Чтение онлайн

ЖАНРЫ

Биография голода. Любовный саботаж

Нотомб Амели

Шрифт:

Такое вторжение смерти в жизнь испугало меня. Мне требовалось много любви, чтобы утешиться. И я, точно феодал, облагающий непосильными налогами обескровленный народ, требовала от своих близких нечеловеческой любовной дани, вымогала чуть ли не с ножом к горлу.

Они и сами, по доброй воле, готовы были все отдать, но мне этого казалось мало. Из мертвой Инге любви больше не выжать. И мои ожидания обратились к маме, самой ласковой из женщин.

Я вешалась ей на шею:

– Мамочка, люби меня.

– Я тебя люблю.

– Люби меня сильнее.

– Я тебя очень люблю.

– Нет, еще сильнее.

– Я люблю тебя так сильно, как только можно любить своего ребенка.

– Люби меня еще больше!

И однажды мама вдруг увидела, что ее обнимает монстр. Увидела людоеда, которого она породила, воплощение ненасытного голода, с его огромными глазищами, и этот лютый голод требовал пищи.

Наверно, какая-то темная сила толкнула маму сказать нечто такое, что многие сочтут жестокостью, но это было сказано с необходимой твердостью и оказало решающее влияние на всю мою последующую жизнь:

– Если ты хочешь, чтобы я любила тебя еще больше, понравься мне.

Я возмущенно взвыла:

– Нет! Ты моя мама! Я не

должна тебе нравиться! Ты должна меня любить!

– Такого не бывает. Никто никого любить не должен. Любовь надо заслужить.

Это меня сразило. Ничего хуже мне никогда не доводилось слышать: оказывается, я теперь должна буду понравиться собственной матери. Мне придется заслуживать ее любовь, и любовь других людей тоже!
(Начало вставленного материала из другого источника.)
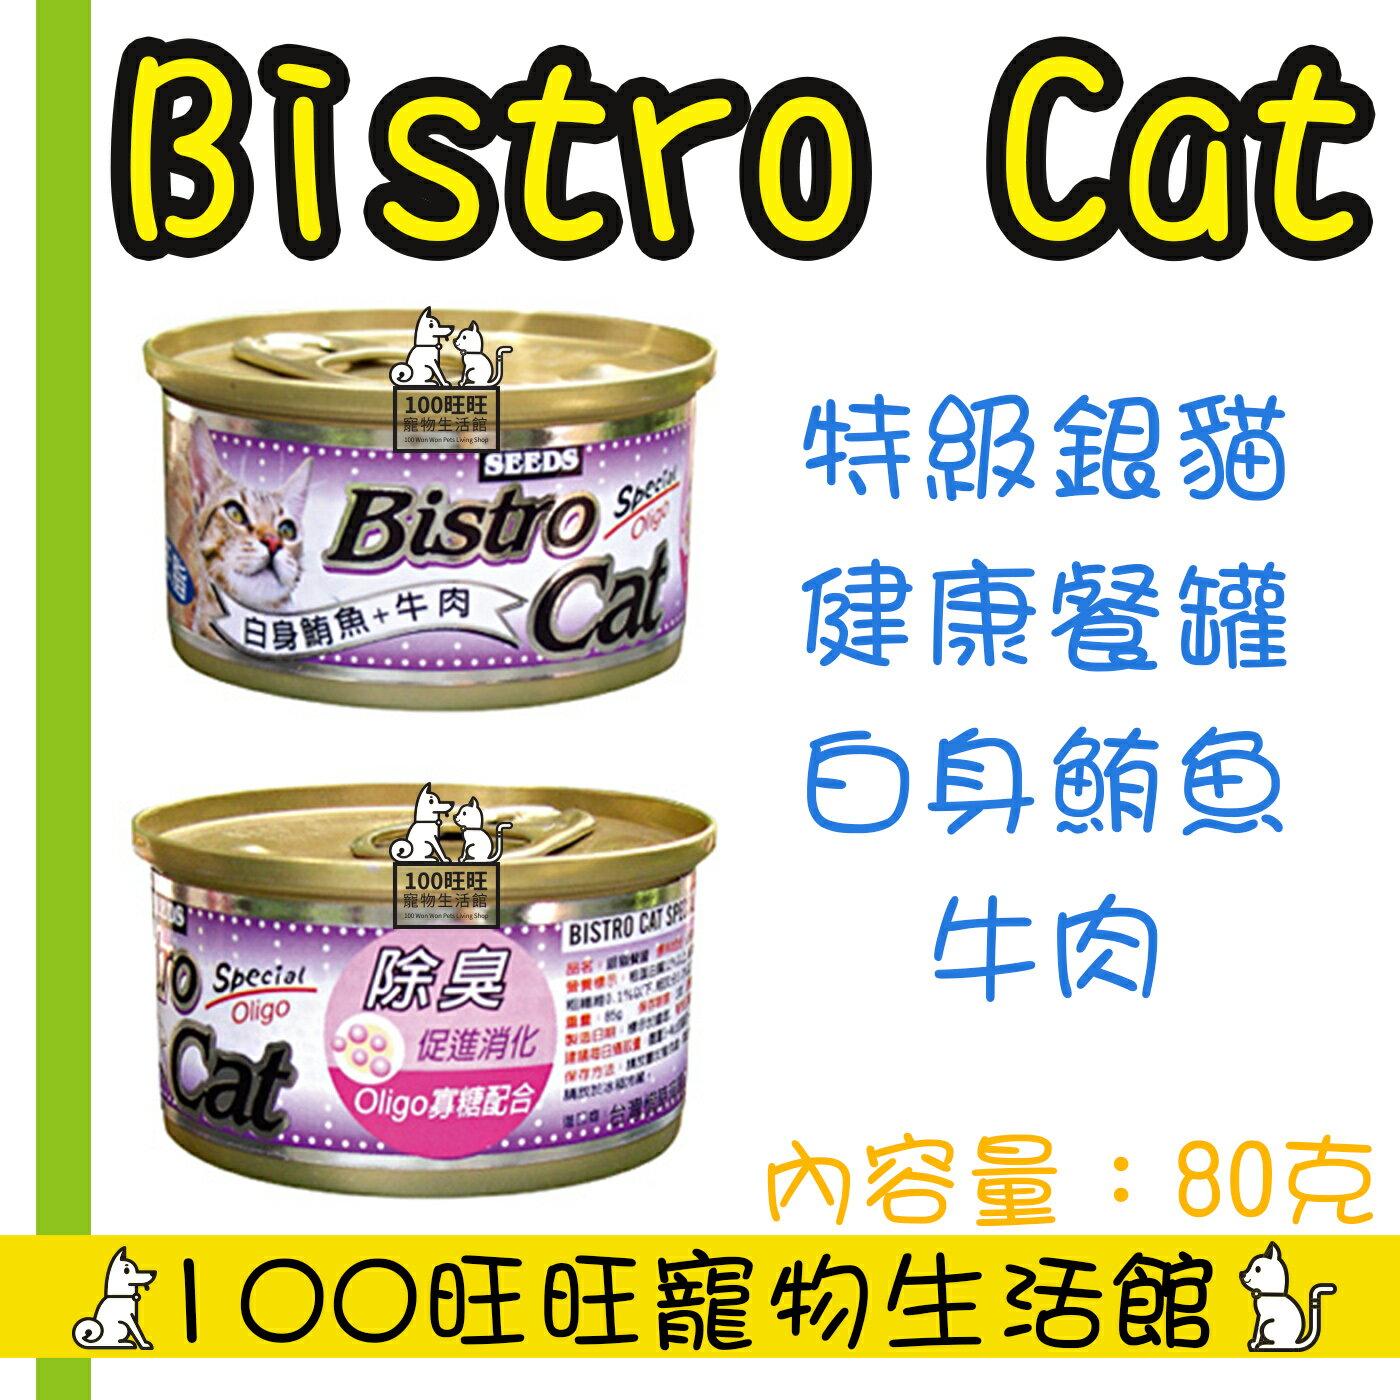 SEEDS 惜時 聖萊西 Bistro cat 特級銀貓健康餐罐 80g 銀罐 小銀 單罐 7

Значит, недостаточно прийти и потребовать, чтоб меня любили. Значит, я не божество. И значит, мне вовсе не причитаются по праву те фараонские порции любви, в которых я нуждаюсь. Это обилие следствий меня подкосило.

Ничего себе задача: понравиться маме… Как это сделать? Я понятия не имела.

А главное – заслужить любовь! Я чувствовала себя как английское августейшее семейство, которому вдруг велели бы платить налоги: как это?! Разве все не обязаны любить меня?

Кроме того, я же знала, что меня не устроят скромные дозы любви. А чтобы заслужить непомерные, нужно будет лезть из кожи вон.

Предстояло свернуть горы. И я догадывалась, что мне придется в жизни попотеть. Время эту догадку подтвердило.

От одной только мысли о таком тяжком труде я заранее устала.

К счастью, у меня перед глазами была Жюльетта. Ее любили бесконечно и без всяких условий.

Жюльетта была восхитительна. Она писала стихи, уснащенные неудобопонятными эпитетами. Вплетала в свои длинные волосы цветы. Подмалевывала глаза и школьный дневник. Ее любили лошади. Она прекрасно пела. Она дралась на дуэли с одним мальчишкой из класса, который отсек ей палец. Она умела печь блины, подбрасывая их на сковородке. Она дерзила взрослым.

Ослепительное создание!

Родители хвалили ее за то, что она читала Теофиля Готье. Это подсказало мне идею, как понравиться маме.

Я решила стать не по возрасту начитанной. Прочла «Отверженных». Какая книга! Мне пришлась по вкусу история о Козетте, которую мучило семейство Тенардье. Затаив дыхание, следила я за тем, как Жавер охотится на Жана Вальжана.

Начала я читать для того, чтобы мной восхищались. А вышло так, что стала восхищаться сама. Это оказалось упоительным занятием. От восхищения легче дышалось и покалывало в пальцах.

Чтение было постоянным источником восхищения. И я принялась много читать, чтобы побольше восхищаться.

Нью-йоркская жизнь была непрерывной чередой удовольствий.

Сплошная, бесконечная радость. Но мы с Жюльеттой давно поняли: все это временно, таков закон. Как только бельгийский МИД решит, мы поедем, куда пошлют.

Поэтому надо наслаждаться на всю катушку. В какую бы страну отца ни перевели, такой сногсшибательной больше не будет, нигде не будет столько виски и ночных увеселений.

Я влюбилась в Сьюзен Фаррелл, тогдашнюю американскую звезду балета. У нее была потрясающая пластика. Я ходила на все ее спектакли. А однажды дождалась ее за кулисами, чтобы купить балетные туфельки, в которых она танцевала. Она сняла их со своих крохотных ножек прямо под моим обожающим взглядом, надписала мне на память и поцеловала меня.

Я заметила, что, несмотря на разницу в возрасте, у нас с ней одинаковый размер. Вероятно, от постоянного хождения на пуантах ее большие пальцы скрючились. Я благоговейно надела туфельки и носила только их. На пуантах ходила по лицею. Теперь-то ясно, что она чокнутая, говорили мальчишки.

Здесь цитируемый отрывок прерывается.